Per-async-context scoping. The metadata mapping lives in a ContextVar, which Python copies on async-task creation. Fan-out instances and parallel-branches each receive their own copy at dispatch time; an instance that calls set_invocation_metadata does NOT leak its augmentation to sibling instances. This is the canonical pattern for per-instance identifiers:

# Each fan-out instance adds its own productId; siblings stay clean
async def evaluate_product(state: ProductState) -> dict[str, Any]:
    set_invocation_metadata(productId=state.product_id)
    return await score_product(state)

Augmentation within the parent context (before fan-out dispatch, or in code that runs serially) flows forward to subsequent spans in that context, per normal ContextVar semantics.

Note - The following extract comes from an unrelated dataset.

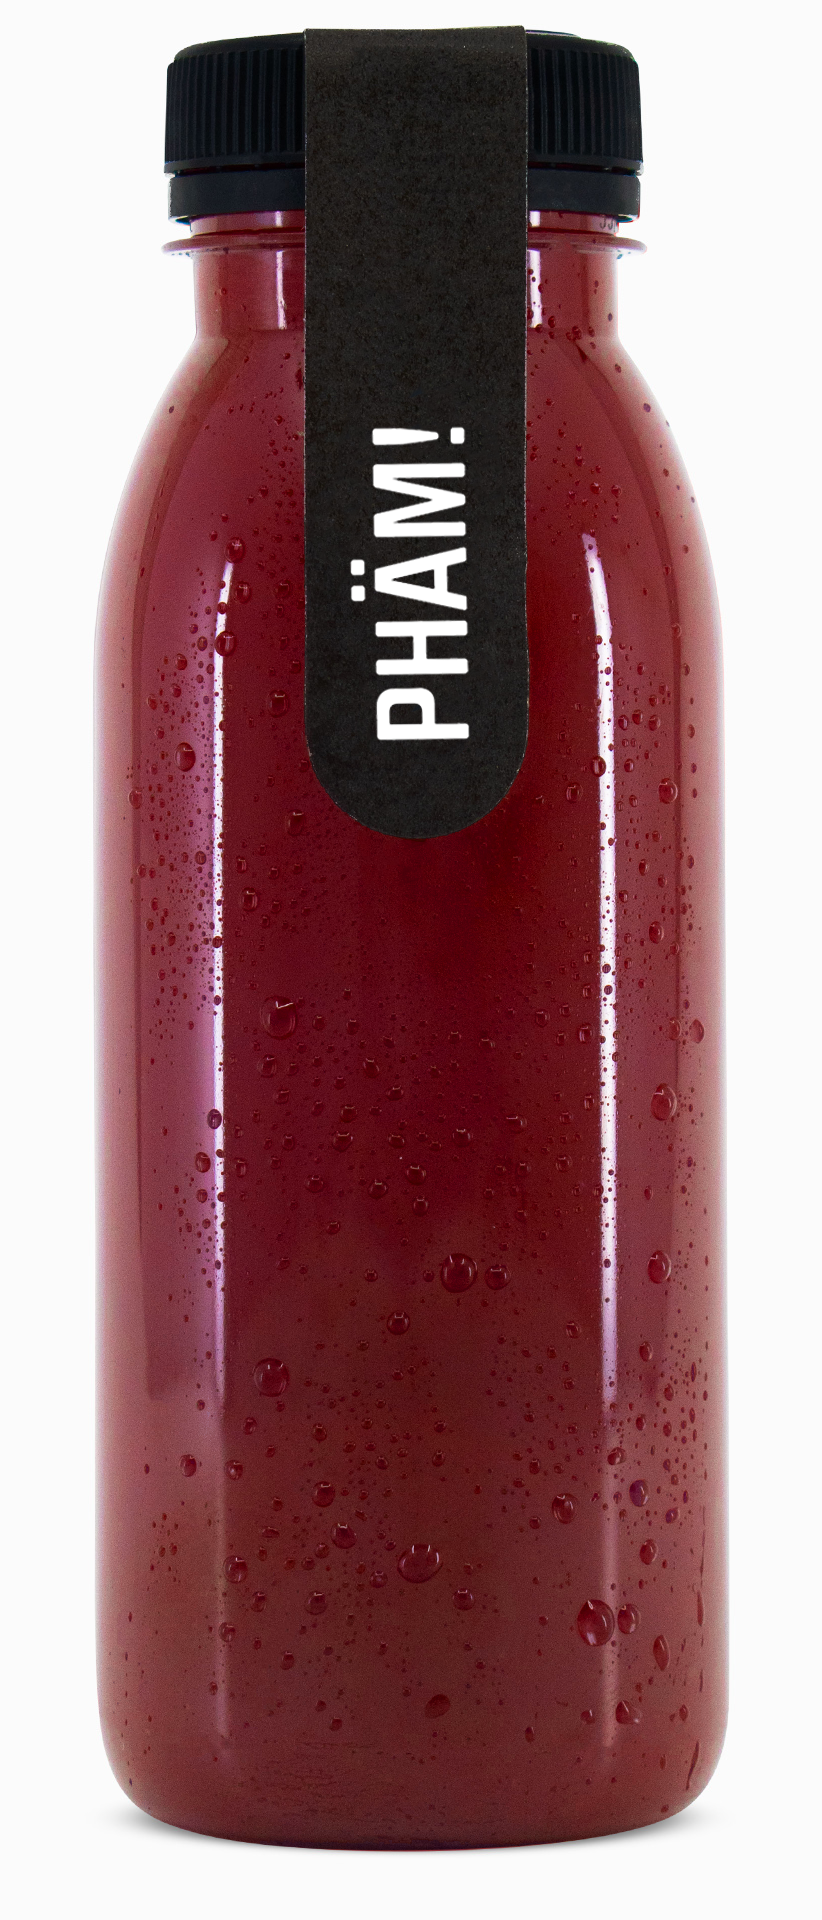 Phäm! – Bio-Smoothie aus Grapefruit, Traube, Himbeere und Rande in 270ml Glasflasche.

Reading the in-scope metadata

openarmature.observability.current_invocation_metadata() returns the live mapping (or an empty MappingProxyType outside an invocation). Observers and capability code read this to surface the entries on backend-specific records; user code typically uses set_invocation_metadata to write and lets the framework propagate.

OpenTelemetry mapping (opt-in)

Install with the [otel] extra:

pip install 'openarmature[otel]'

OTelObserver maps node events to OTel spans + structured log correlation:

  • Each node started / completed pair becomes one span.
  • Subgraph hierarchy is reflected in span parent-child structure.
  • Spec error categories map to OTel Status.ERROR with semantic attributes.
  • Log records emitted during node execution carry the active span's trace_id / span_id plus an openarmature.correlation_id attribute, so the join key survives the OTel boundary.

TracerProvider isolation

OTelObserver constructs a private TracerProvider from the processor you supply. It never registers globally and never reads get_tracer_provider(). This isolation is intentional.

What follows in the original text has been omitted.